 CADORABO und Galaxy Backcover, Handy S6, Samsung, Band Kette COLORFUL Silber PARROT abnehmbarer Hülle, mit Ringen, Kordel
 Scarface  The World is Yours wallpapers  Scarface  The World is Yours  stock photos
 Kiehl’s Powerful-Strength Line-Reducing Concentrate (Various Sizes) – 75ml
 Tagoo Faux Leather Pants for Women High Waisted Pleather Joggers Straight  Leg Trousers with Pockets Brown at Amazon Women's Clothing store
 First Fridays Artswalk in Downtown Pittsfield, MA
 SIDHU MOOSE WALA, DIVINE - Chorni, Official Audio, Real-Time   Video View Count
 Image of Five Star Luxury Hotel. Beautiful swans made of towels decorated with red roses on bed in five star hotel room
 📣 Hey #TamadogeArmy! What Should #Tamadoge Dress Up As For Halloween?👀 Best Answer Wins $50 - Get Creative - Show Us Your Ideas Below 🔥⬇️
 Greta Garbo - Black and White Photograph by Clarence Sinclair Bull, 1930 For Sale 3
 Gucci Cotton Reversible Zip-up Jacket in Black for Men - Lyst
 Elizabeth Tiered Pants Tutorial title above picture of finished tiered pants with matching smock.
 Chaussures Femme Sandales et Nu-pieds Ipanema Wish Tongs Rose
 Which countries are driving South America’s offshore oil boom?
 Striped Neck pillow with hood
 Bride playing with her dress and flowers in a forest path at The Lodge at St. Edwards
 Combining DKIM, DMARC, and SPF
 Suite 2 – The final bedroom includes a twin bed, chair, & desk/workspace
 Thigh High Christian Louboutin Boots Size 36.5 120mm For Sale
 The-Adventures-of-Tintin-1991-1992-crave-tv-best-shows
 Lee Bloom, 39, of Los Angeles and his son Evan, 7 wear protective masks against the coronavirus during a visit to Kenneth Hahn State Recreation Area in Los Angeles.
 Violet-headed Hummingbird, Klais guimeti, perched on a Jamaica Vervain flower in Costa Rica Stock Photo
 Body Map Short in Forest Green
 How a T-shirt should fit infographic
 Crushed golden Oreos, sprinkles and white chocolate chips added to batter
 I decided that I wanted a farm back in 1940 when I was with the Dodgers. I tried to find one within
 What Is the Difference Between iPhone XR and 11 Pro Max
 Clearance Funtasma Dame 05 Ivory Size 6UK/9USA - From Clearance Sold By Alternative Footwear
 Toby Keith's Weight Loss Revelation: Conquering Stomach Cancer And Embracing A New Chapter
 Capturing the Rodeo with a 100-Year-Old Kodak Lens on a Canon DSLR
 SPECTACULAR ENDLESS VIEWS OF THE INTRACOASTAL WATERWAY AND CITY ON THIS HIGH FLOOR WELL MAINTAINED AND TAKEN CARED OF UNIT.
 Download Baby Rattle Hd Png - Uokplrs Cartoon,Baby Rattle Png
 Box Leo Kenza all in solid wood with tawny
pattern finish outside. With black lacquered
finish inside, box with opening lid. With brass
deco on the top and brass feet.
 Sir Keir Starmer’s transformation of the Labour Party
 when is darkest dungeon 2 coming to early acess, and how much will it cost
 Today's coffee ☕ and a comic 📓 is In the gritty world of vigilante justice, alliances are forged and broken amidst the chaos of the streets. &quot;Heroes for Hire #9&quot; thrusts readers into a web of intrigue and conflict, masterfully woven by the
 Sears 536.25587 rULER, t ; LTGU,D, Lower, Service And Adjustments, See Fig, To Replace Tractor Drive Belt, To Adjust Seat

* * * *

What is needed: For the word "Pants", work out how many lines of the entries contain it, and state the number alone.

Answer to the exercise: 2